Both women are empty-nesters with children in America, and as the film progresses, this is one source of mutual empathy. Watching from windows on different sides of the fence that cuts through Salma’s lemon grove, they become allies if never quite friends.
Eran Riklis directed The Syrian Bride and produced Three Mothers (two films that have played to audience acclaim at recent Chicago film festivals), and Lemon Tree screenwriter Suha Arraf also wrote The Syrian Bride screenplay. Riklis and Arraf have developed a unique collaboration; their films are delicate and understated, with profound sympathy for female characters trapped at the edges of male conflict.
I know some critics have politicized this film, claiming it’s either pro-Palestinian and/or anti-Israeli but I vehemently disagree. When soldiers arrive to cut down Salma’s lemon trees, it’s not just a power play. Terrorists are, in fact, hiding weapons there, and they don’t care about Salma’s needs either. This film is a prayer for peace and the end of enmity.
Lemon Tree opened on May 1 at both of our local Landmark Theatres: Century Centre (Chicago) and Renaissance Place (Highland Park). To read my interview with Hiam Abbass (the actress who plays Salma), visit: http://www.films42.com/chats/Hiam_Abbass.asp.
AUTHORS
“History sounds different when you know where to start listening.” That’s the motto of the Idelsohn Society (named in honor of Hava Nagila composer Abraham Zevi Idelsohn), and Idelsohn Society founder Josh Kun will soon be here to personally expand our aural horizons. Kun’s most recent book is And you Shall Know Us by the Trail of Our Vinyl (co-authored with Roger Bennett), and the multimedia presentation he has planned for us sounds fascinating.
Kun is associate professor at the Annenberg School for Communications at the University of Southern California, and I called him in LA for more details.
“Music is such an amazing tool,” Josh told me. “I can take an LP (long-playing record) from the ‘60s and play it for someone who bought it when it originally came out and someone who's hearing it for the first time, and they might have completely different ideological takes on what this particular song means, but they have the song in common.”
“I'm from a transitional generation. I grew up with LPs and CDs, but now I'm a full user of MP3s and iPods. Hip hop culture embraces ‘crate digging’—going through record store crates to find pieces of old music, then cutting them up and recombining them to create new songs. In our book, Roger and I take old album covers and mix, match and recombine them to create new kinds of stories. So our project is really born out of a very contemporary sensibility: hunting and pecking through the past in order to construct our own identity.”
“There are so many stories that haven't been told yet that really change the way we understand Jews in terms of multiple racial and ethnic histories of the United States,” he concluded. “So these LPs speak to a dynamic story of cross-cultural interaction, and I think it's going to be a lot of fun to collectively share these songs together and try to understand what they mean.”
For more information about the Idelsohn Society, visit http://www.idelsounds.com.

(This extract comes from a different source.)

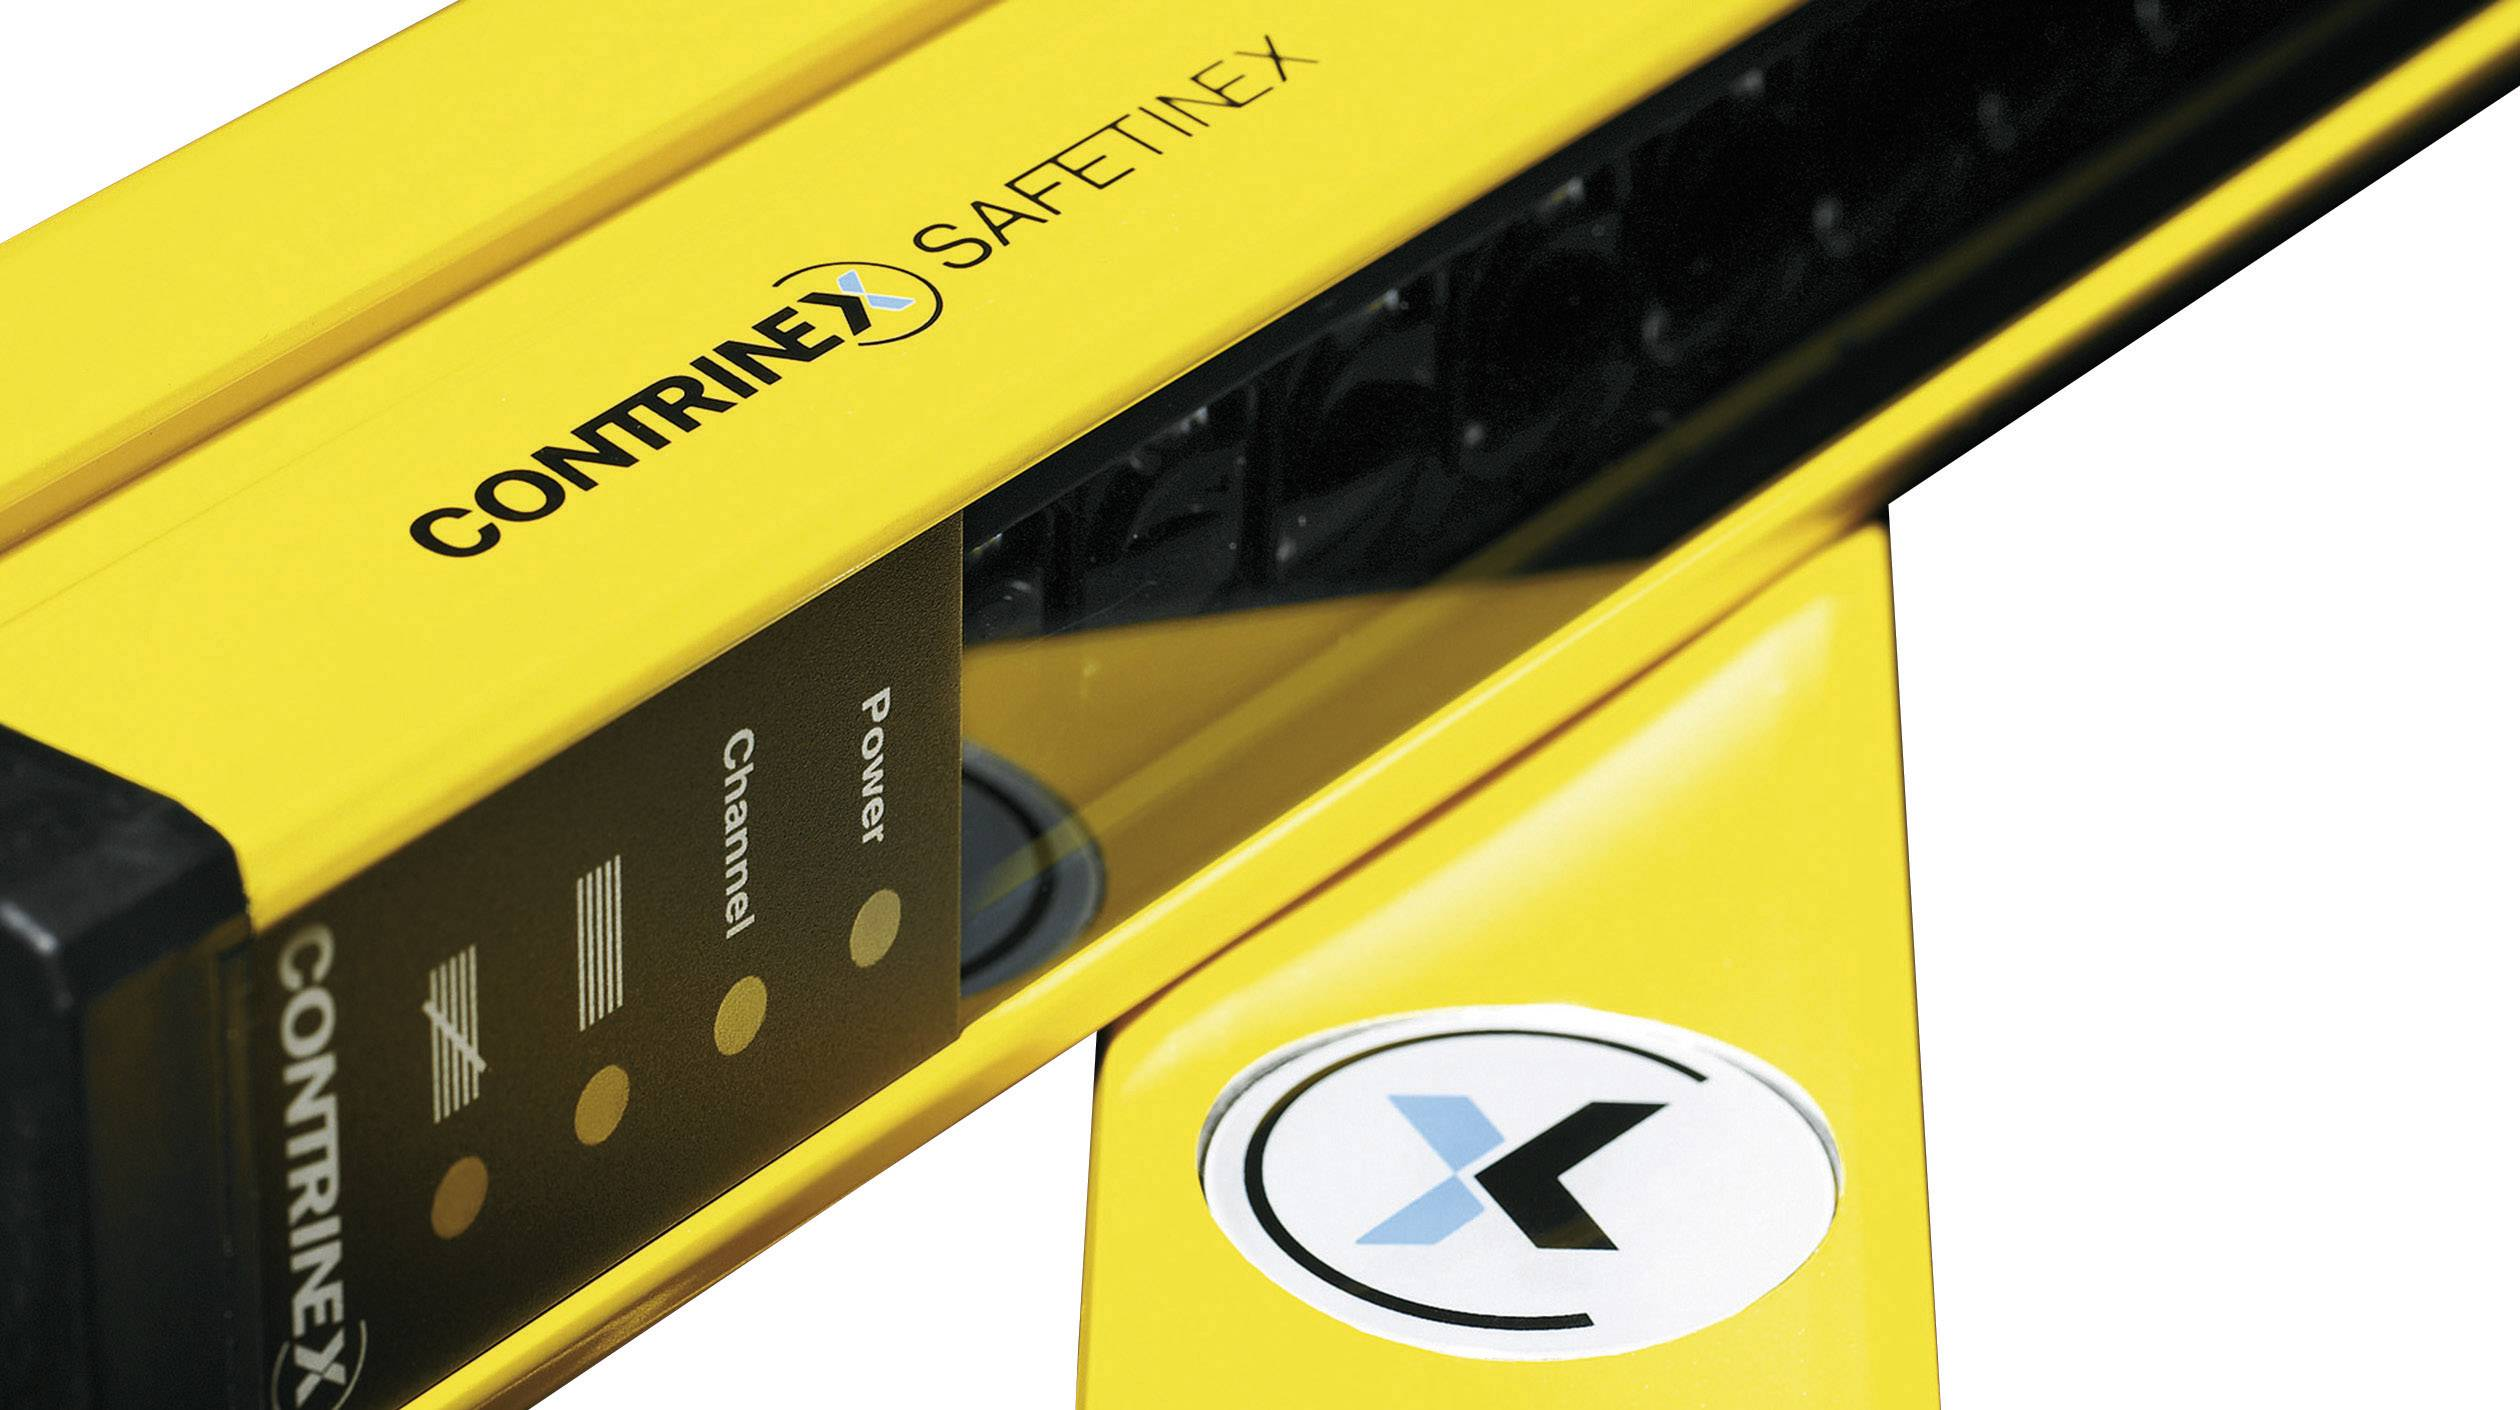 Contrinex YBB-30R4-1800-G012 630 000 736

For more information about Kun’s program (scheduled for Wednesday May 6 at 6:30 p.m. at the Morse Theatre in Rogers Park), visit http://www.spertus.edu.
TZIVI’S DVD COLLECTION
The Chicago Festival of Israeli Cinema, in collaboration with the Consulate General of Israel to the Midwest and the Petach Tikva Committee of Chicago Sister Cities International, will screen Desperado Square on Tuesday, May 12 at 6 p.m. at the Chicago Cultural Center on Michigan and Randolph.
On the eve of his first Yahrzeit, Avram Mandabon comes to his son Nissim in a dream and asks him to reopen an old movie theater that’s been boarded up since before Nissim’s birth. A good son knows better than to ignore instructions from the beyond, and soon the whole town is involved, except Avram’s widow, Seniora. What secrets has “the Diva” been keeping all these years?

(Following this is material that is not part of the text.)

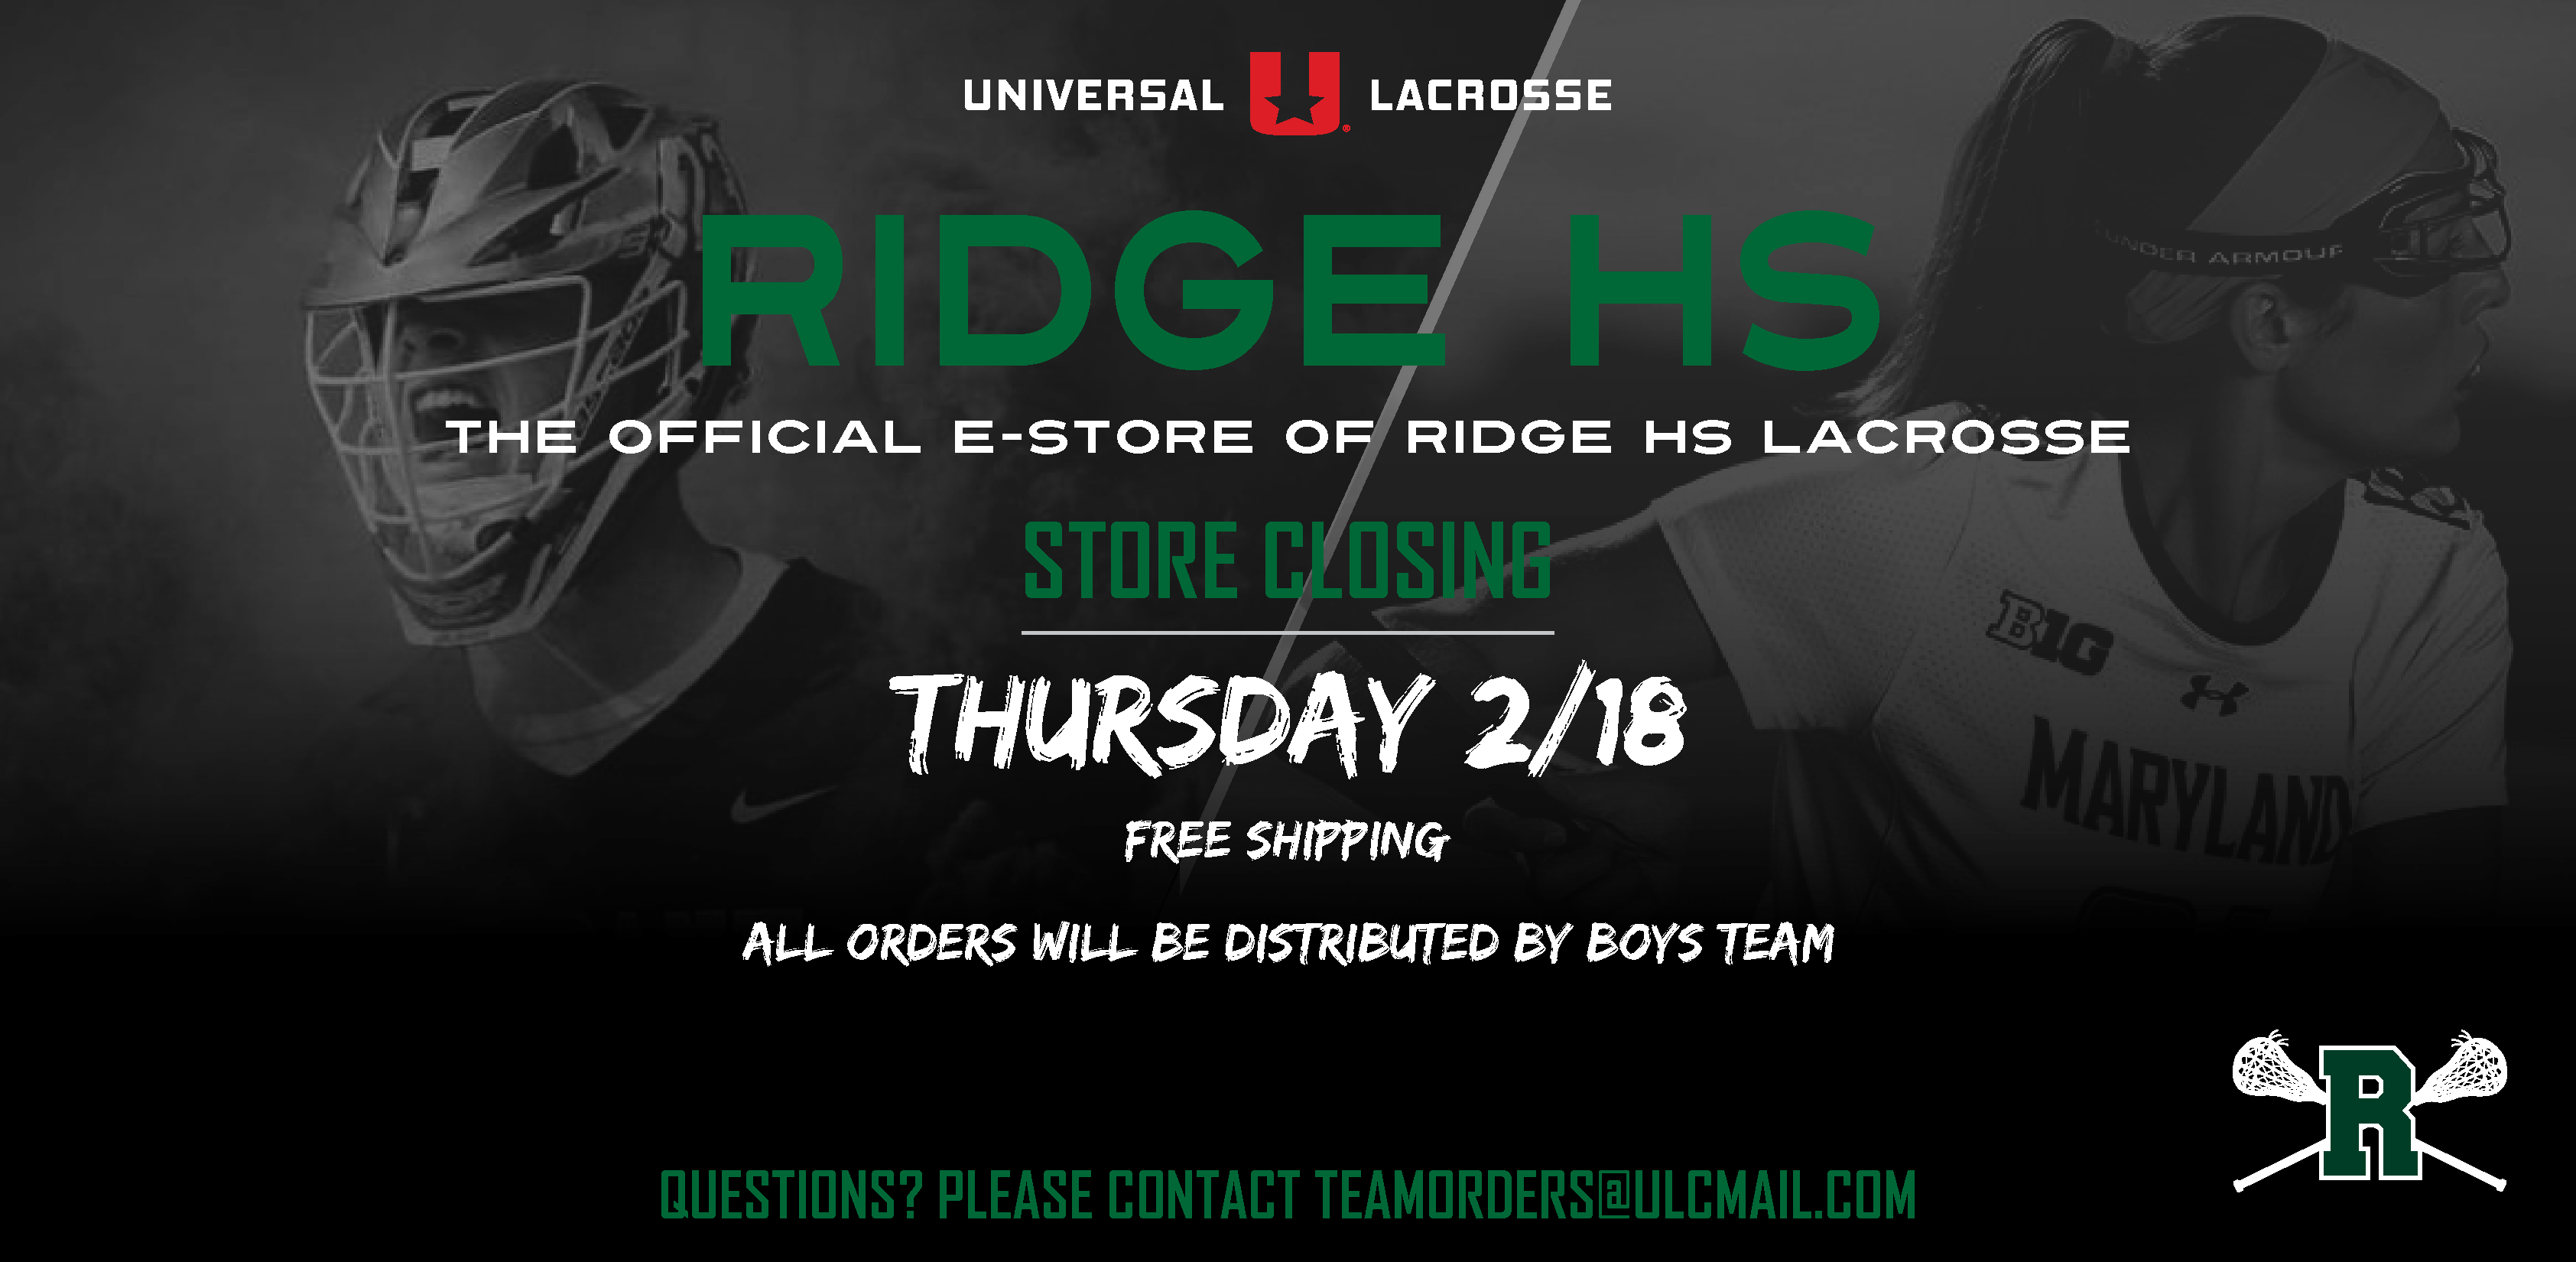 Ridge HS Lacrosse

“I love this film for being funny, sensitive and sad, all at the same time,” CFIC committee member Ophira Ben-Arieh told me, and I agree. Desperado Square received five awards from the Israel Film Academy in 2000 (including Best Director and Best Music). Come to the free screening and watch this delightful film with friends, or get the DVD from Netflix and watch it at home. Either way, make sure you have tissues handy!
Jan Lisa Huttner (Tzivi) is the managing editor of Films for Two: The Online Guide for Busy Couples (www.films42.com). Send comments and/or suggestions for future columns to Tzivi@msn.com. Visit www.juf.org for online copies of prior columns.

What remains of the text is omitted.